A little bit beyond projectile motion.

[faust9]

Ok, here's the deal. I have a projectile motion project that goes a little beyond the normal "ideal projectile" problems.

The project consisted of shooting a projectile from a device that, within a few percent, launched a projectile at the same initial velocity every time it is fired. The launcher has an adjustable launch angle and shoots a ping-pong ball sized 5g projectile with a rough surface (yellow foam ball). My team shot the ball ten times at 15,30,45, and 60 degrees and then measure the distance traveled. We were told this data will be used later this week to find the drag coefficient of the ball but for today I simply need to develop a general equation of motion given:

v_0=100m/s,\ \theta=30^\circ,\ m_{proj}=20kg and various values of K.

Also, the force of drag is described as F_D=-Kv^2

where K is the drag coefficient and v is velocity.

I need to develop the equations of motion in terms of x and y for this "test" projectile which I will use later on to find the drag coefficient of our yellow ball and predict the range of the ball given an angle of launch.

I know I need 2 second order ODE's which I can convert to four first order ODE's, but I don't know where to start or how to start.

I have my FBD--a round ball with weight parallel to the y-axis and drag opposite to the direction of velocity.

Any help would be greatly appreciated here. Thanks in advance.

 

[TenaliRaman]

what equations did u get from ur FBD?
Also give ur thoughts on how u think u would like to proceed?

-- AI
P.S -> Man this is fun ... i wish i had done physics this way ... :(

 

[faust9]

That's the thing. We are told to express our equations of motion in terms of x/y but I don't know how to do that. My I get the following from my FBD:

i: m\vec a=-\vec F_{Dx}

j: m\vec a=-\vec F_{Dy} \sin - \vec W

I know that \vec a=\ddot {x} i+\ddot {y} j

I don't see how this helps though because theta is changing as is the acceleration.

[edit] I've combined forces in the x/y direction to get:

i direction: \ddot{x}=\frac{-F_{Dx}}{m}

j direction: \ddot{y}=\frac{-F_{Dy}}{m}-g

 

[faust9]

i direction: \ddot{x}=\frac{-Kv^2\cos \theta}{m}

j direction: \ddot{y}=\frac{-Kv^2\sin \theta}{m}-g

Is this correct thus far?

 

[faust9]

In know also that \dot{x}(0)=100\frac{m}{s}\cos \theta,\ \dot{y}(0)=100\frac{m}{s}\sin \theta and x(0)=0,\ y(0)=0

 

[faust9]

OK, I've got this so far:

m\ddot x+Kv^2\cos \theta=0
m\ddot y+Kv^2\sin \theta+mg=0

I have to use MATLAB to display a graph of this using the ODE45 function. Unfortunetly, I've never used MATLAB before so this is quite a problem.
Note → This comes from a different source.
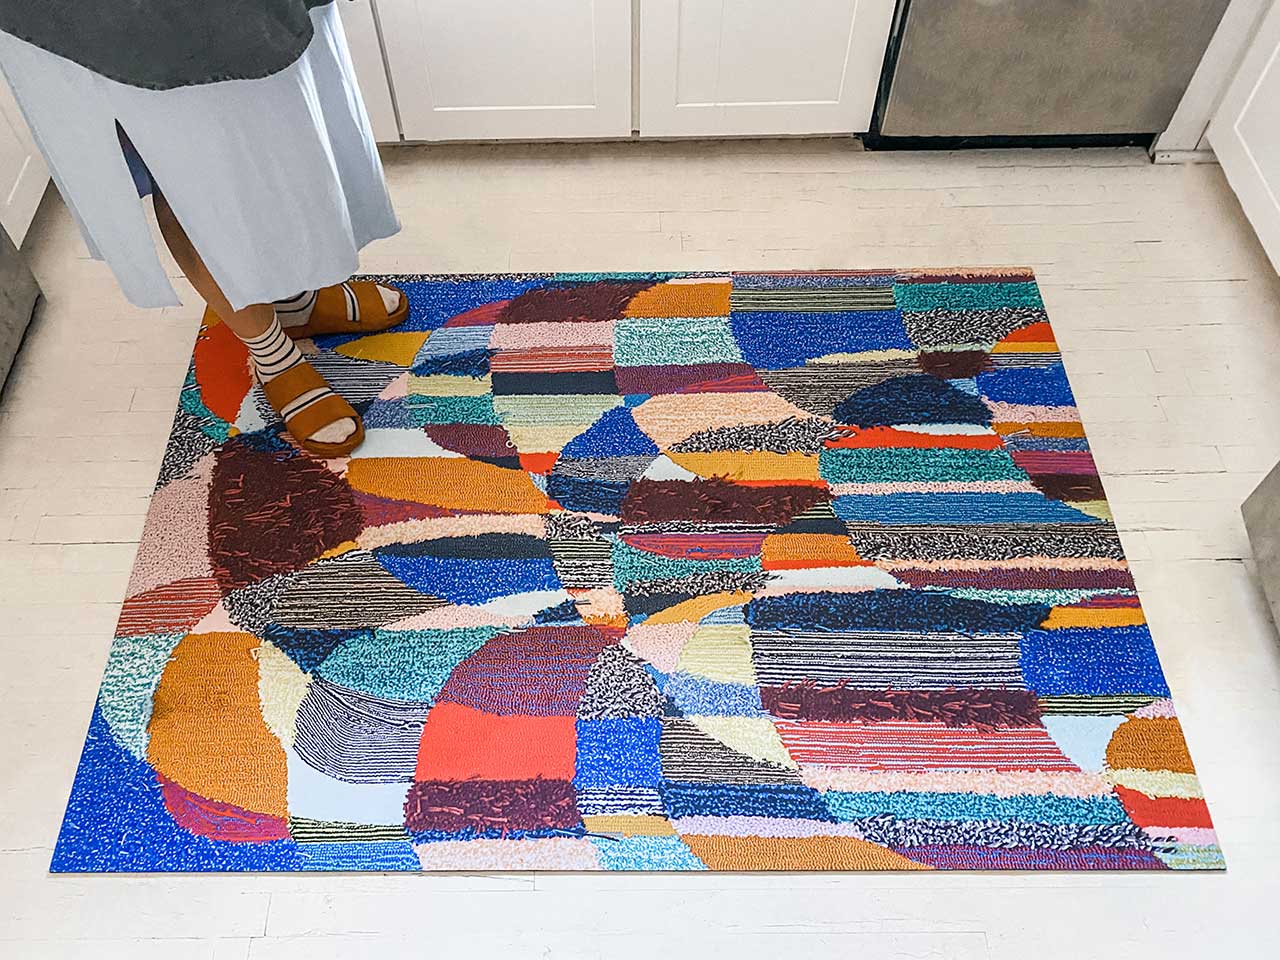 Trish Andersen Digitally Printed Floor Mats Are Wildly Colorful and Washable
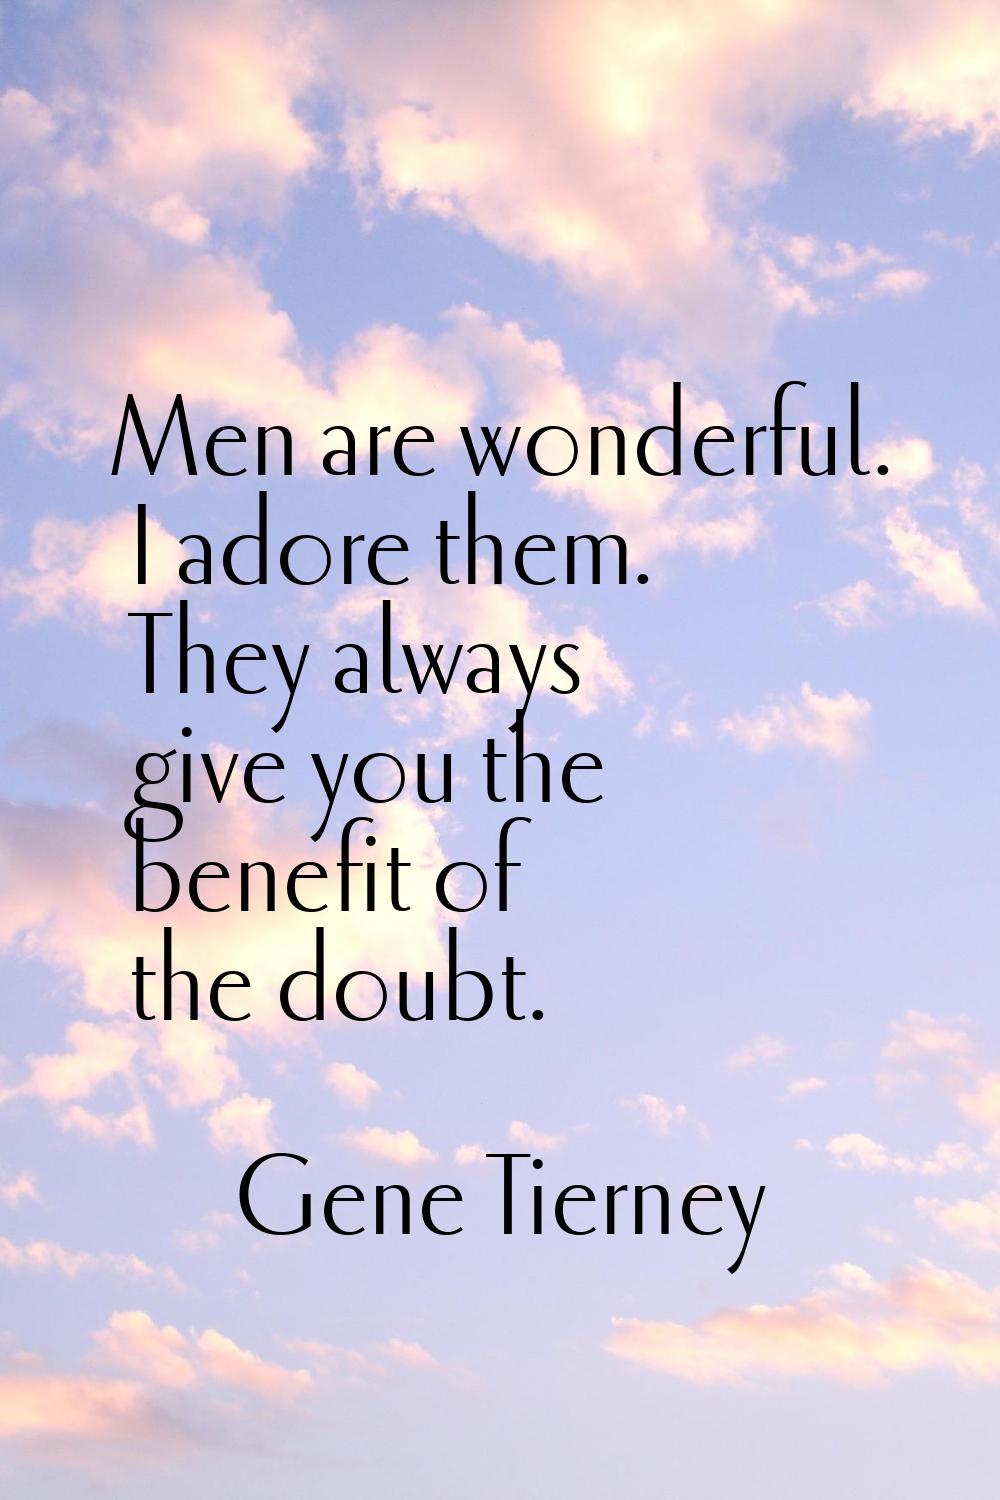 Men are wonderful. I adore them. They always give you the benefit of the doubt.

From whay I understand, I have to set up an m-file containing a vector where all of the ODE functions are stored.

I think I need a vector like this : v={v(1),v(2),v(3),v(4)} where:

v(1)=x
v(2)=y
v(3)=x_dot
v(4)=y_dot

I also have the following:\dot x(1)=x(3), \dot x(2)=x(4), \dot x(3)=\ddot x, and \dot x(4)=\ddot y.

thus:
m\dot x(3)+Kv^2\cos \theta=0
m\dot x(4)+Kv^2\sin \theta+mg=0

which I can solve for x_dot (x(3)_dot) and y_dot(x(4)_dot) but I'm not entirely sure if I need to:
\dot x(3)=\frac{-Kv^2\cos \theta}{m}
\dot x(4)=\frac{-Kv^2\sin \theta}{m}-g

I am so lost with this right now. What exactly do I do with the above to get a plot of projectile motion in terms of x and y and a plot of velocity in terms of x and y? Is there anyone out there who can help?